I'm curious what others do if they don't keep geese on grass all year round?



This past winter we kept our geese on our garden.  Whenever there was not snow on the ground, they were picking whatever greens were available - I hope our weed load is lower this year, and that the fertilizer helps.
They expanded our garden area: I fenced slightly outside of our standard garden area, and they rooted up the grass and roots for me.
I built them a hut out of bad hay bales (ones that were too wet to put in the barn) and a pallet (Pallet was roof, with a couple of bales on tope of that as well.  The geese ignored the hut all winter, but now it is their primary egg-laying site.  They pulled hay in to make a nest in the center, makes egg collection easy.
I'm not sure how much of the hay they ate.  Not much.  It was there for them, but they didn't really want it.
I gave them whole shelled corn basically any time there was not obvious greenery for them to eat, and they got bread scraps, pizza crusts, etc as available.  I gave them some pelleted chicken food a couple of times, thinking I would round out their diet, but they refused to eat it.  After a couple of weeks, the songbirds had eaten all of it.  I figure that was a waste of feed in the grand scheme.  
Now they have access to that garden (very little green) and the adjacent wet grassy area.  They still spend a large portion of their day in the garden, nibbling the little weed sprouts, even though they have a lot of grass available.  

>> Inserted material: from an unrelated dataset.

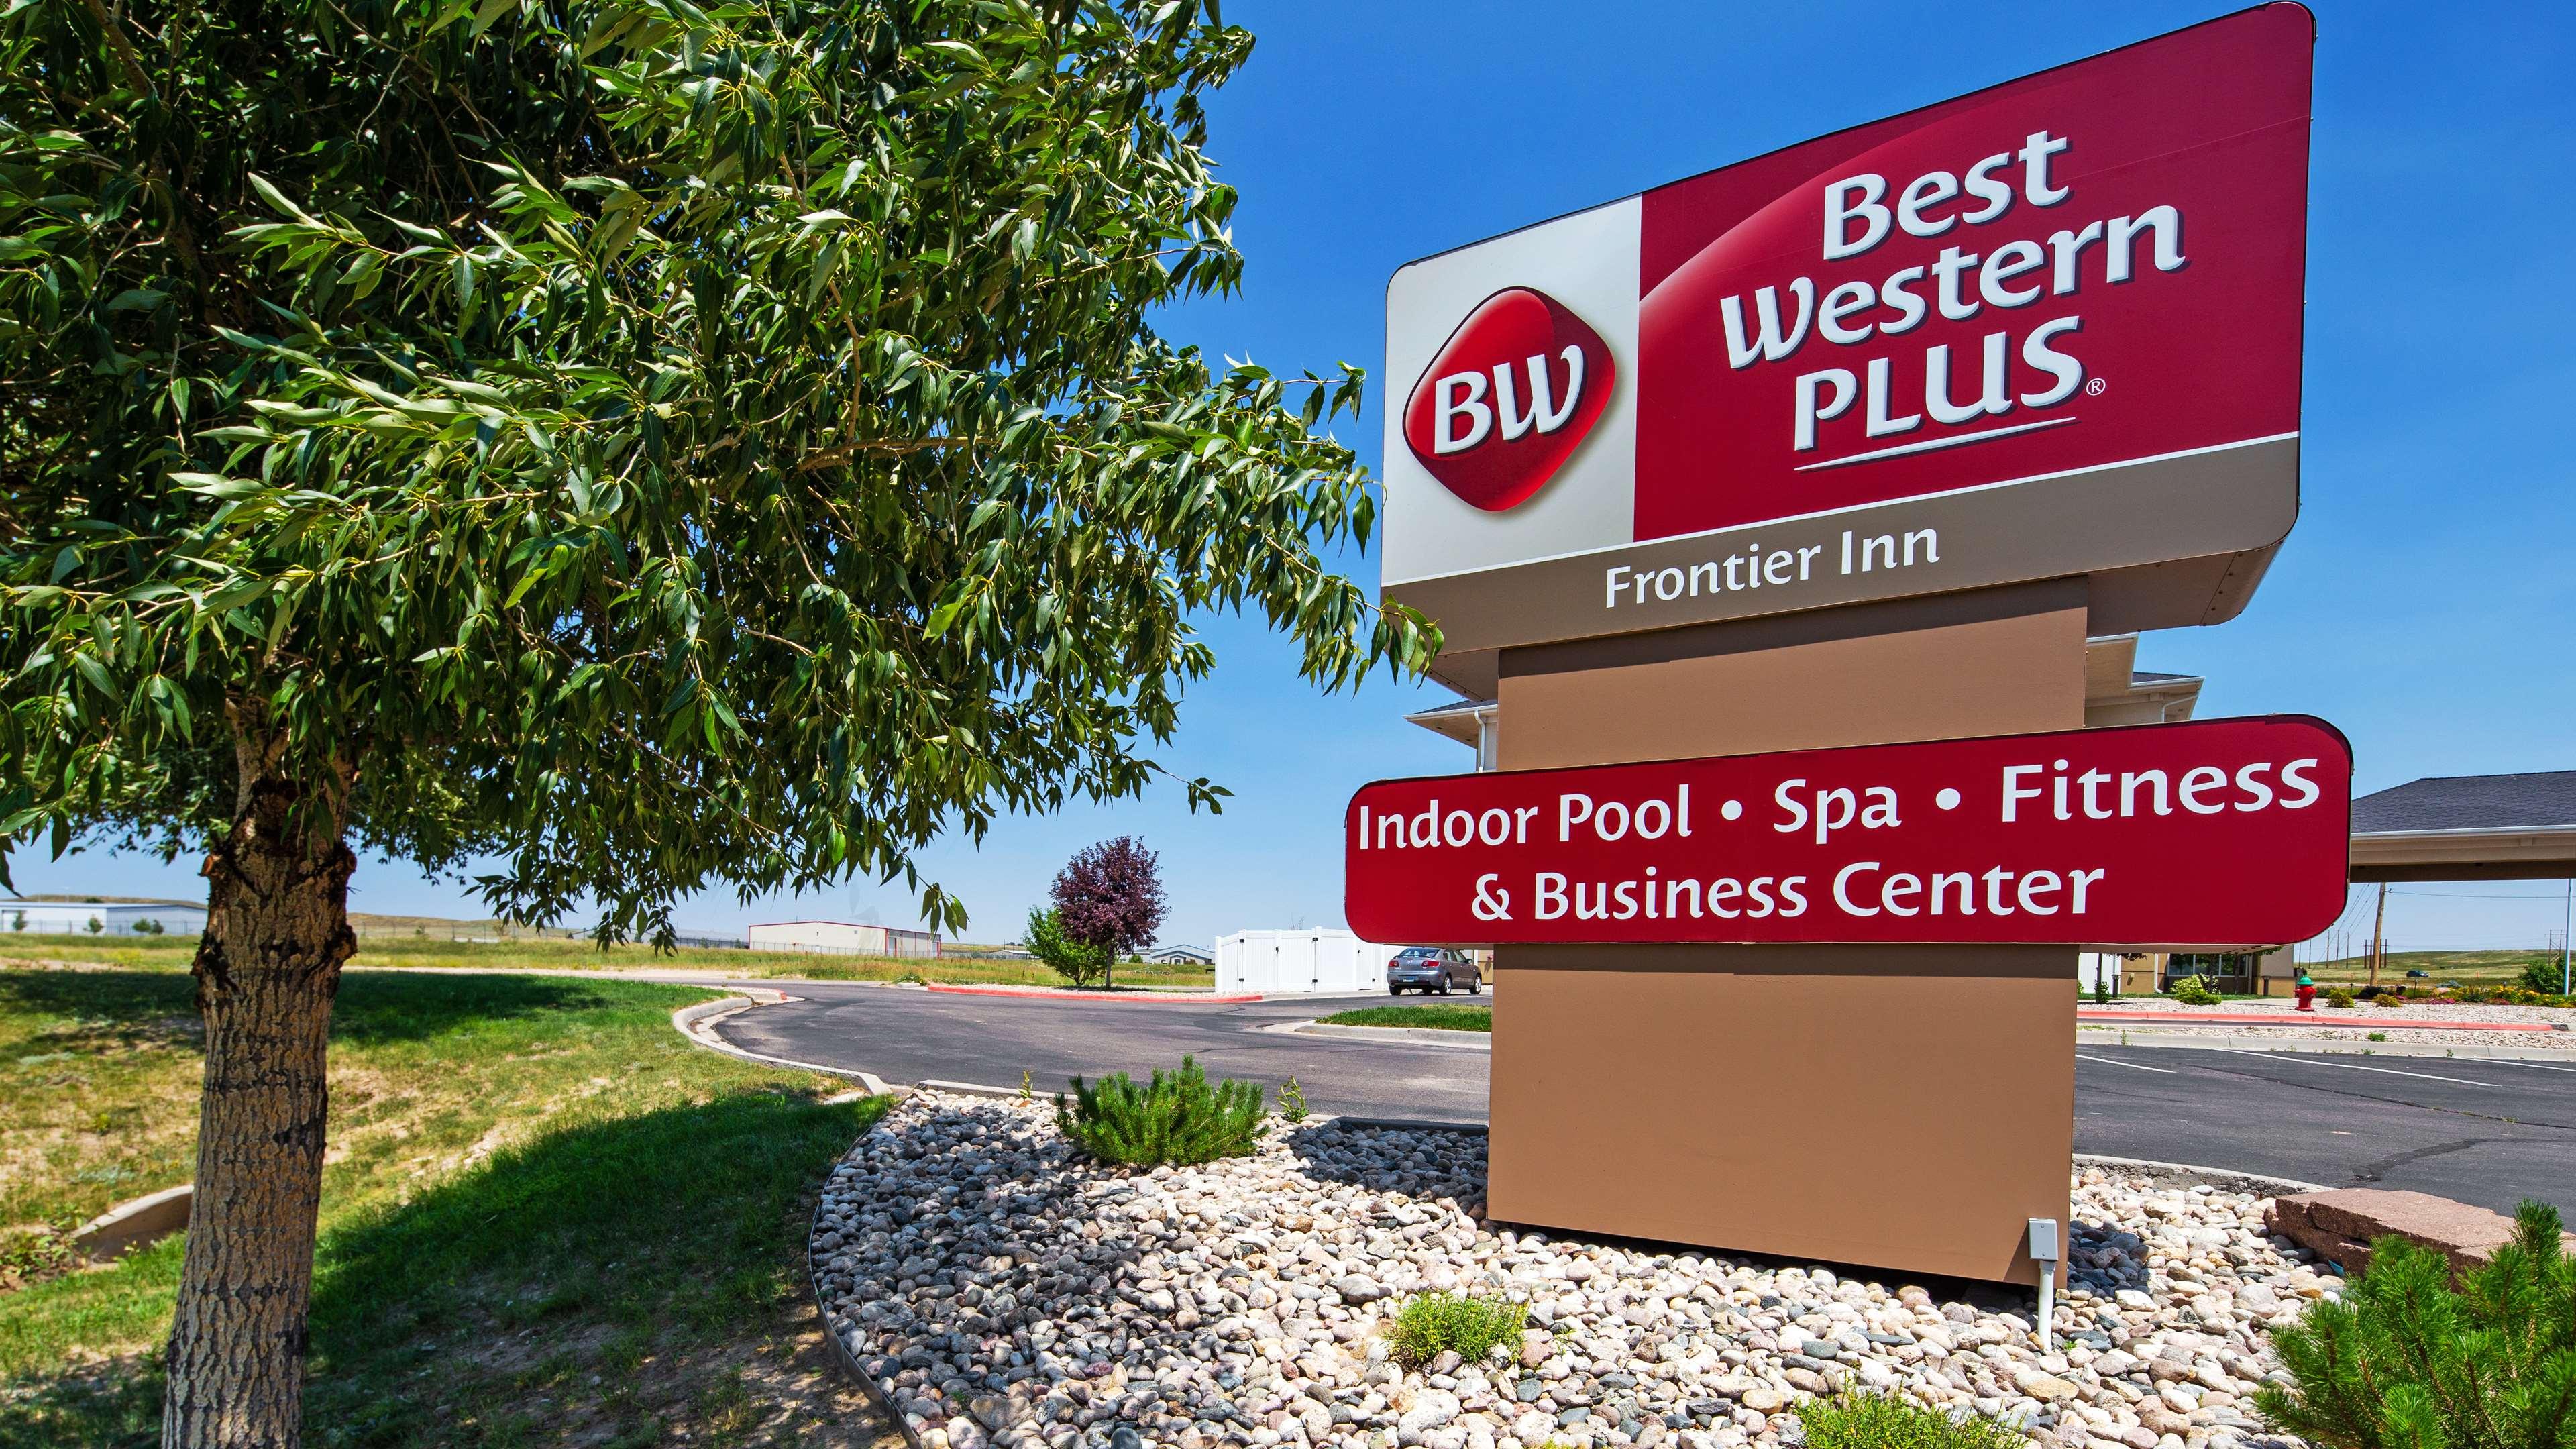 Best Western Plus Frontier Inn image 2
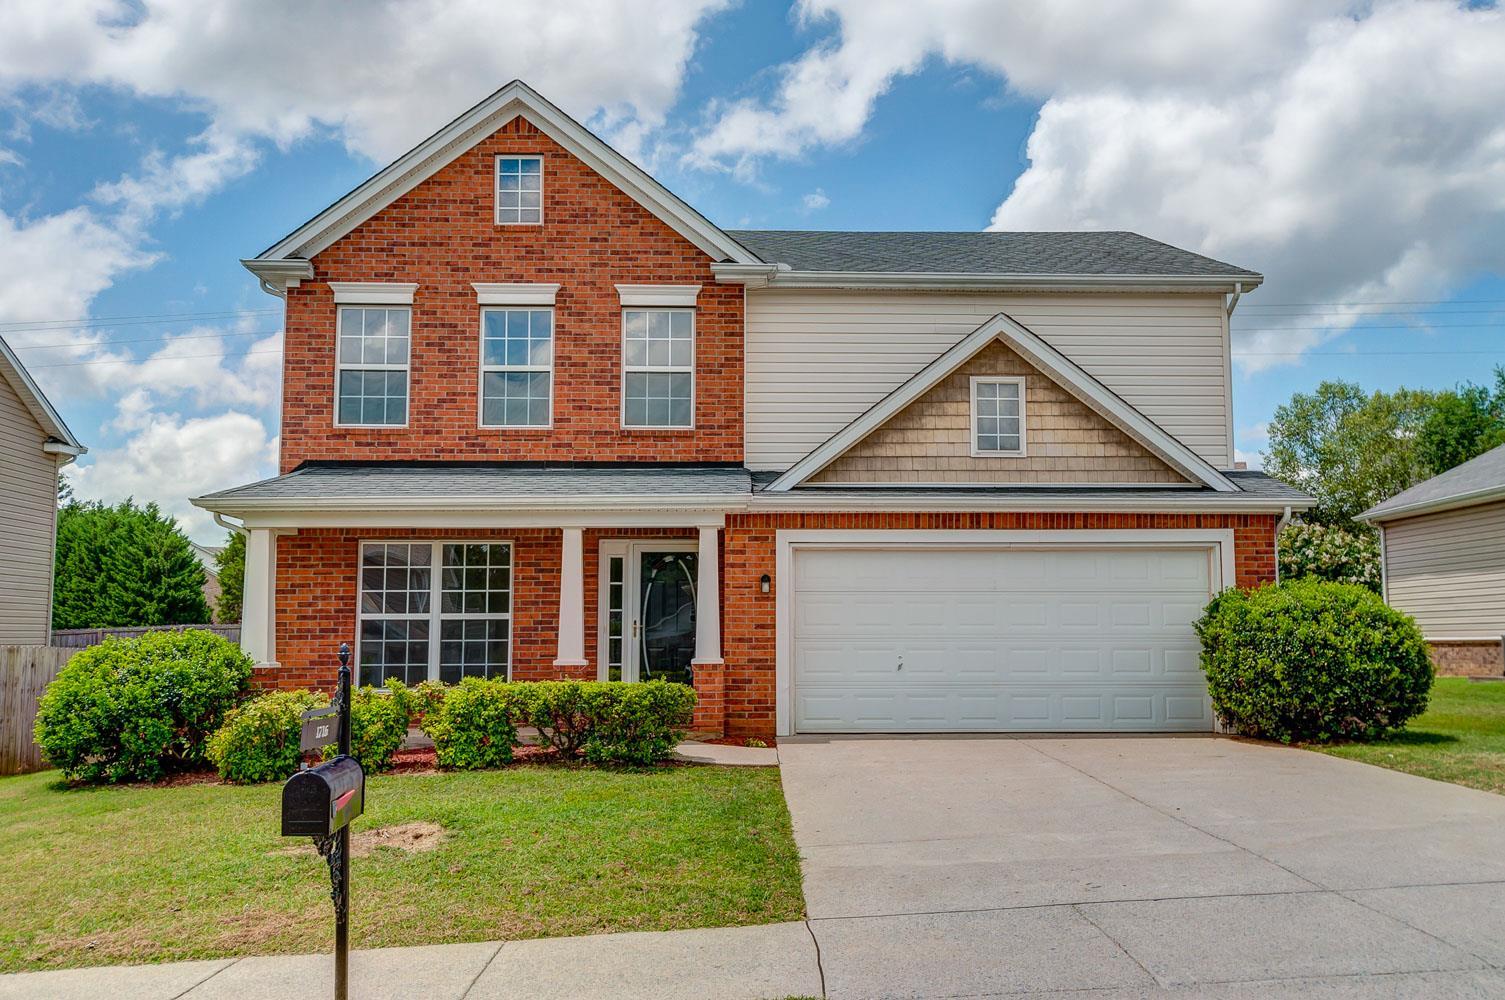 1716 Emma Cir, Spring Hill, TN 37174 - Spring Hill, TN real estate listing

So... our geese had access to hay, shelled corn, and every couple of days they had bread scraps.  They thrived.  Laying plenty of eggs now, and I have 8 new goslings that need a new home (I already have 13 adult geese in that flock, plus 2 more of another breed that live with the ducks)
My geese show no inclination to raise their own goslings.  Even when I stopped collecting the eggs in years past and had geese make nests, no one seems to finish what they start.